*Data section*:
:::::

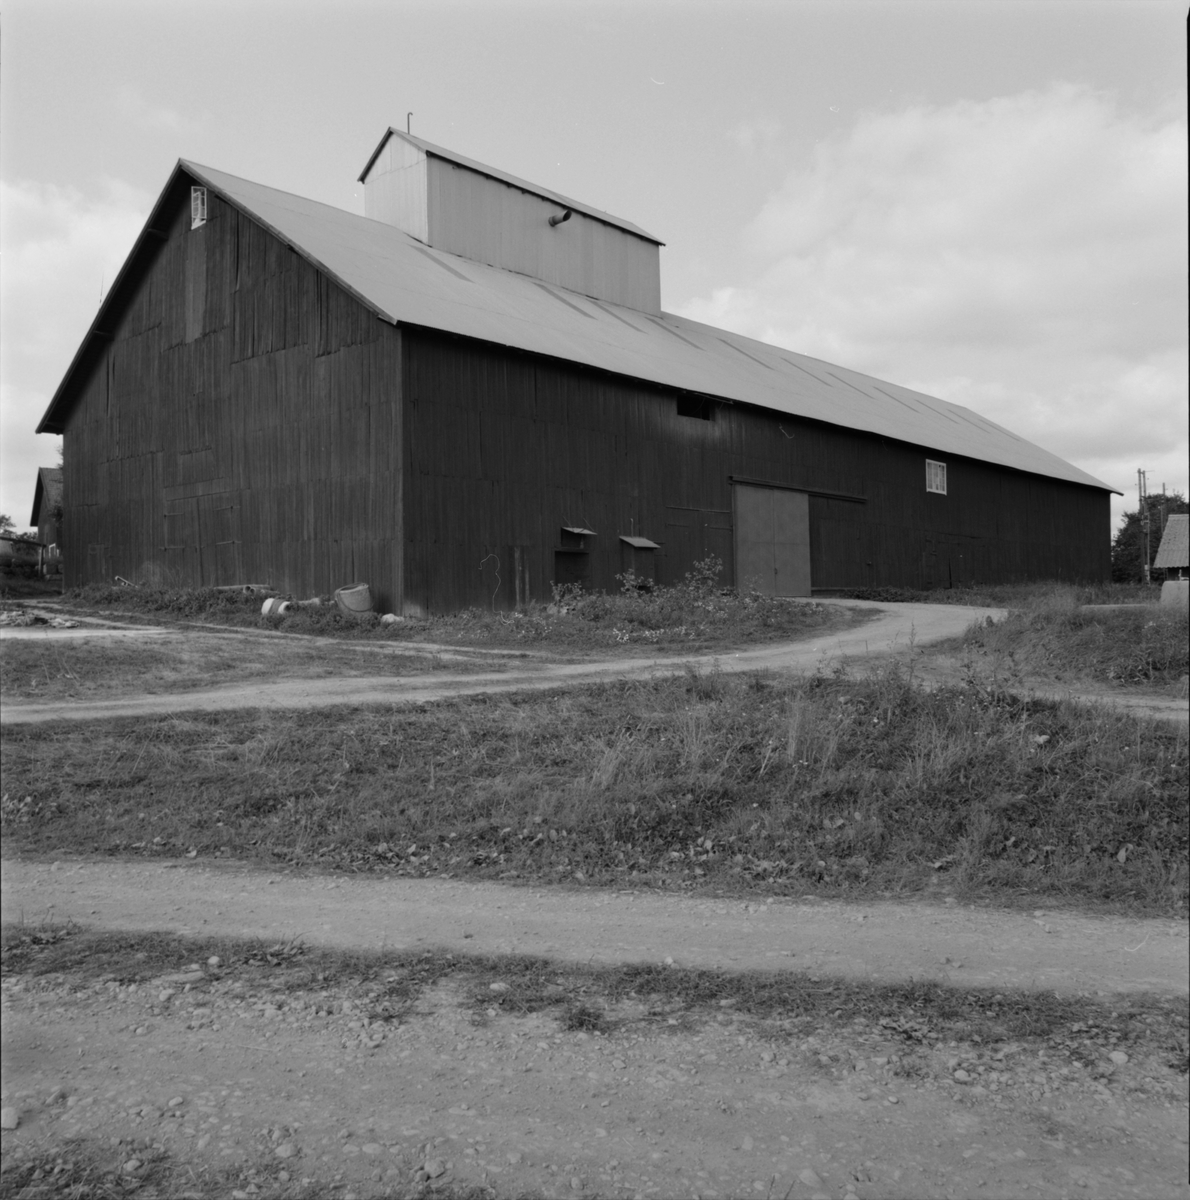 I logen är spannmålstorken inrymd, Hacksta gård, Enköpings-Näs socken, Uppland september 1981
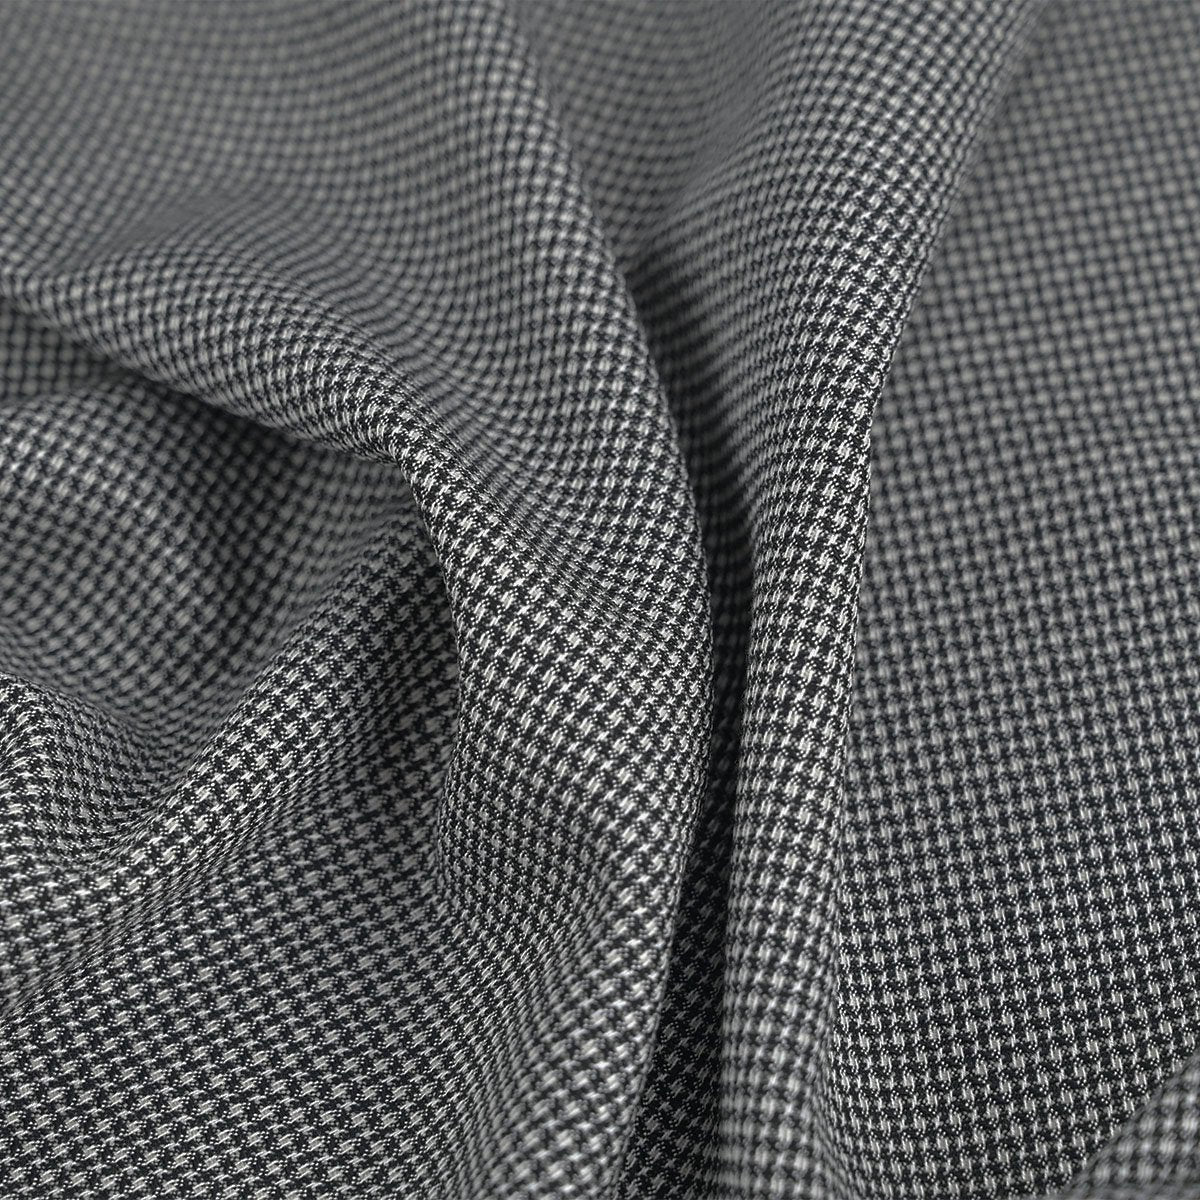 Black and White Dobby Fabric 949
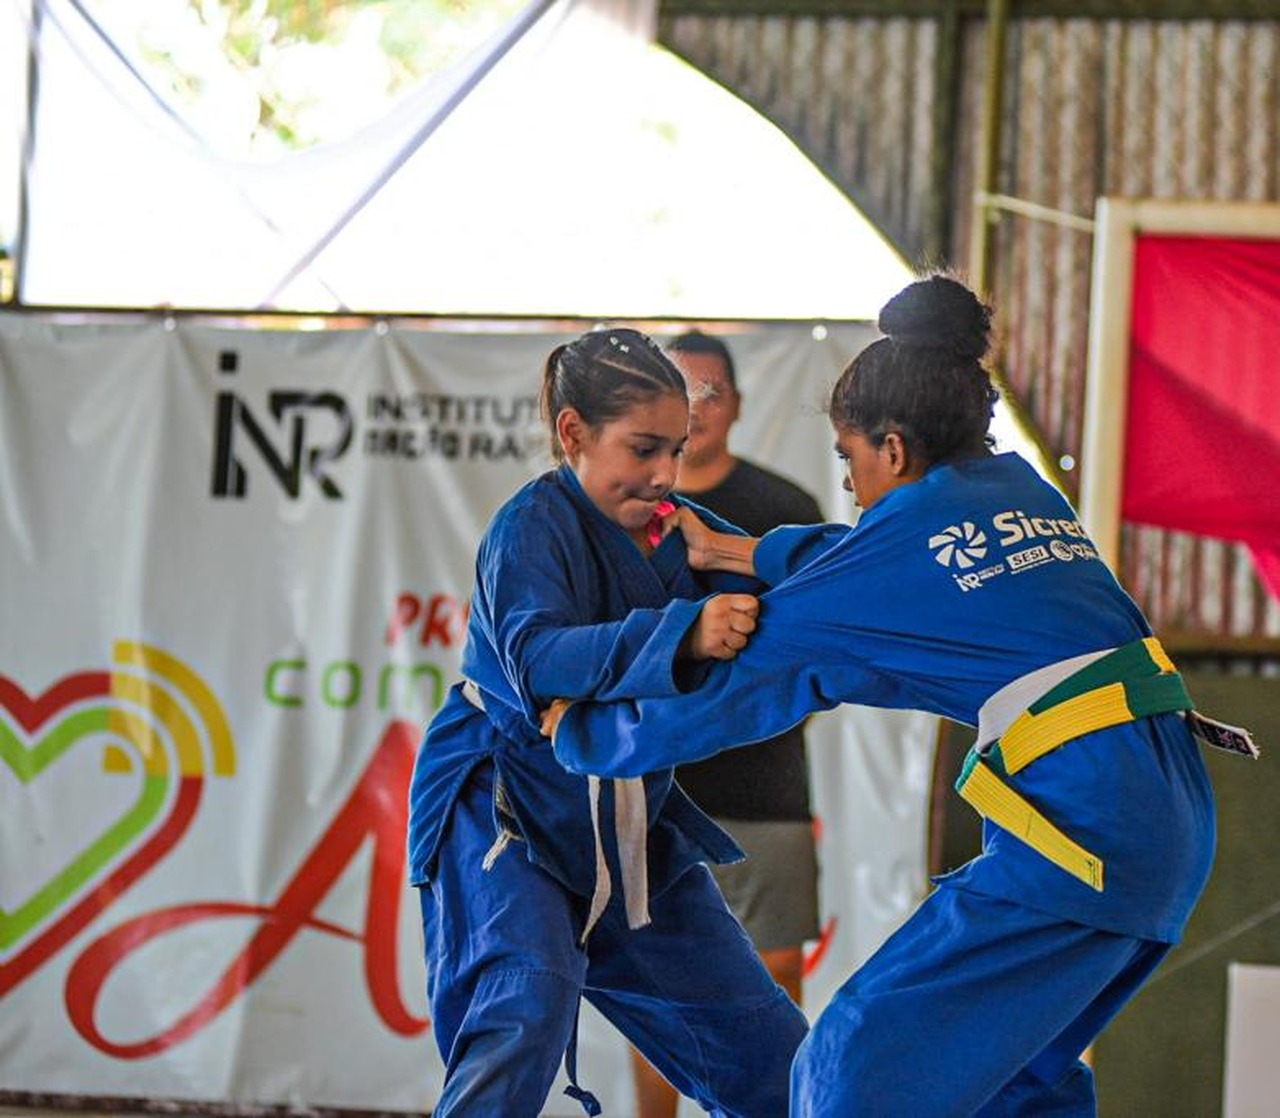 Projeto Compartilhe Amor e RD Top Team realizam o 2º Campeonato Interno de Jiu Jitsu, em Palmas; saiba mais
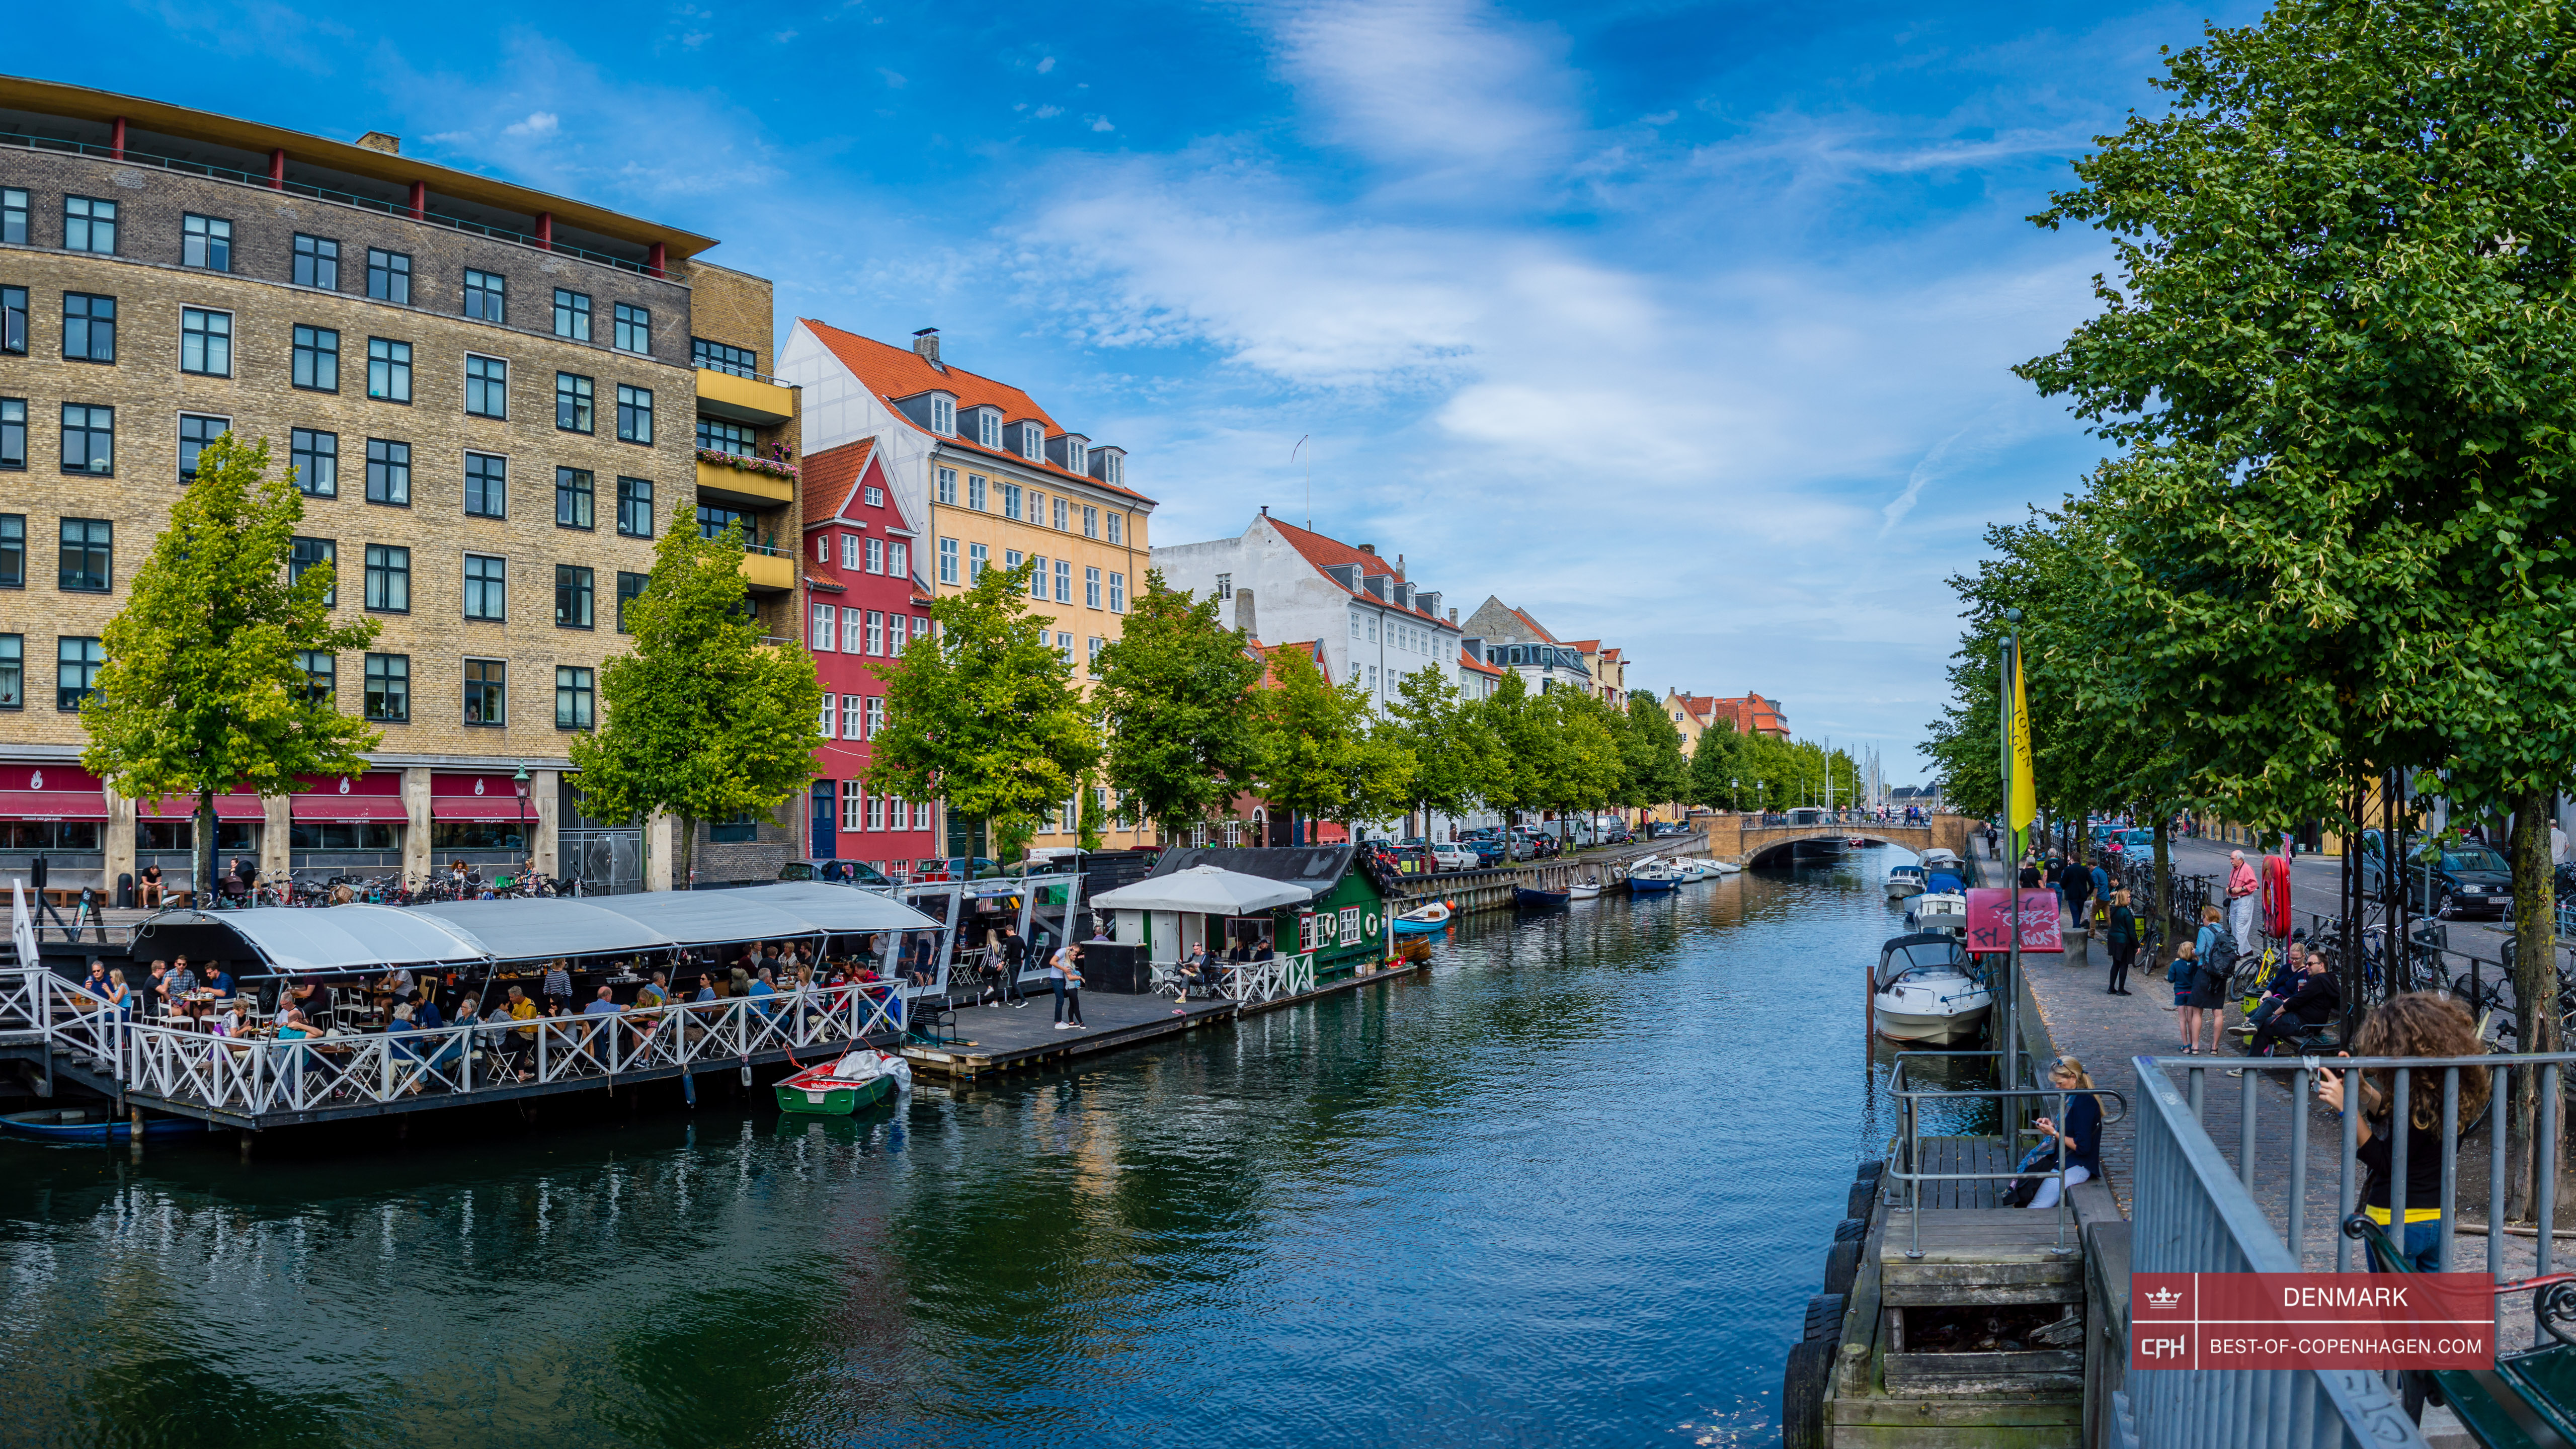 Каналы в Кристианхавне, Копенгаген, Дания

:::::

*What the task asks*:
Please print the line that contains "Black and White Dobby Fabric 949" along with every later line of the material, exactly, through the last one. Leave pictures out of the copy.

*Response for this exercise*:
 Black and White Dobby Fabric 949
 Projeto Compartilhe Amor e RD Top Team realizam o 2º Campeonato Interno de Jiu Jitsu, em Palmas; saiba mais
 Каналы в Кристианхавне, Копенгаген, Дания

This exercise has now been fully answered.